No passado mês de Setembro a Rússia realizou exercícios militares, designados “Vostok 2018”, que foram considerados os maiores desde o desmembramento da União Soviética. Na ocasião, os russos convidaram os chineses a se juntarem às manobras militares. Os exercícios foram interpretados como uma demonstração de força ao “Ocidente”. Um mês depois, a Organização do Tratado do Atlântico Norte (OTAN) responde lançando as manobras “Trident Juncture 2018”, também consideradas os maiores exercícios militares da organização desde o fim da Guerra Fria. Curiosamente, o anúncio dos exercícios acontece poucos dias depois dos EUA terem anunciado a intenção de abandonar um acordo nuclear com a Rússia de há mais de três décadas. Estes eventos mostram, mais uma vez, que a premissa de a Guerra Fria ter terminado não passa de uma “ilusão”.
Os manuais de relações internacionais têm retratado a “ilusão” de que a Guerra Fria, conflito que opôs o Leste e o Oeste por quase meio século, terminou no final da década de 1980 e início da década de 1990 do século passado. Tal “ilusão” é consubstanciada pelas mudanças ocorridas em dois dos maiores pilares da Guerra Fria: a queda do muro de Berlim e o desmembramento da União Soviética. Contudo, vários factos do “período pós-Guerra Fria”, agora com destaque para os exercícios militares e a intenção “trumpiana” de abandonar o acordo nuclear, fazem refutar a tese do fim da Guerra Fria. Pode é dizer-se que a dimensão ideológica foi ultrapassada. Porém, os principais actores, as suas motivações e as suas acções continuam os mesmos.

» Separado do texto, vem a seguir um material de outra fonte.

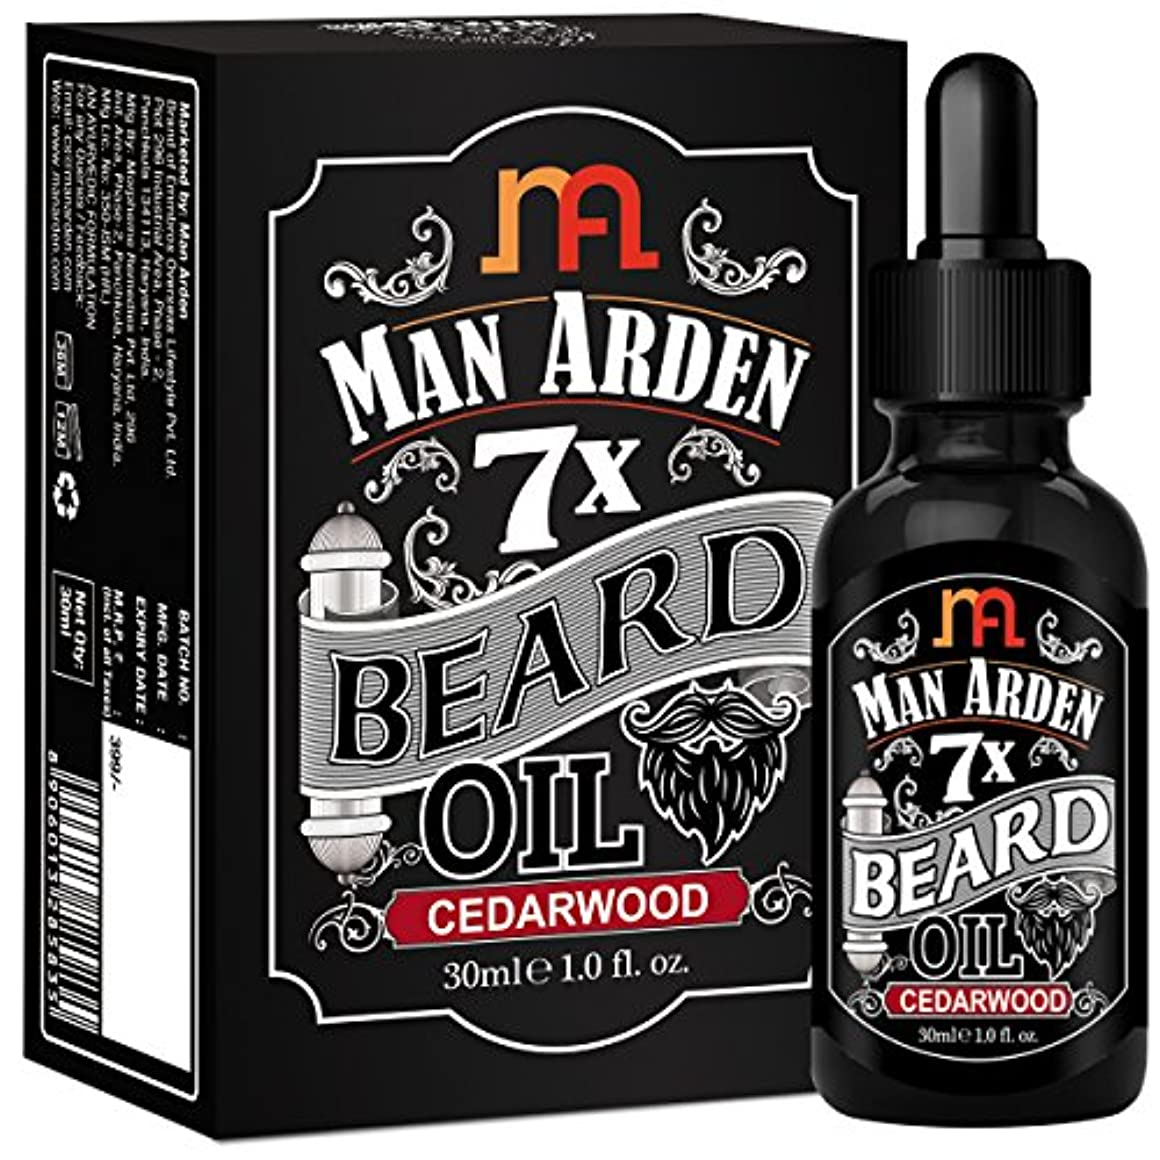 チケットお手入れ利点Man Arden 7X Beard Oil 30ml (Cedarwood) - 7 Premium Oils Blend For Beard Growth & Nourishment

Entre os dias 11 e 17 de Setembro os russos efectuaram manobras militares cuja envergadura nunca tinha sido atingida pela herdeira da União Soviética desde 1991. Se se adicionar o elemento de terem sido conjuntas com a China, isto lembra a configuração de alianças do período da Guerra Fria onde o Pacto de Varsóvia contrabalançava a OTAN. Enquanto o Pacto de Varsóvia foi dissolvido após o desmembramento da União Soviética, a OTAN continuou a operar e até a tentar encurralar a Rússia, “roubando-lhe” os seus anteriores aliados. O “encurralamento” ocorreu por via de uma política deliberada de incentivar os antigos aliados da União Soviética a juntarem-se à UE e à OTAN. Portanto, as manobras militares conjuntas com a China podem ser percebidas como a tentativa russa de estabelecimento de uma “aliança militar” que possa dissuadir os seus adversários da OTAN que continuam a “namorar” as suas antigas esferas de influência.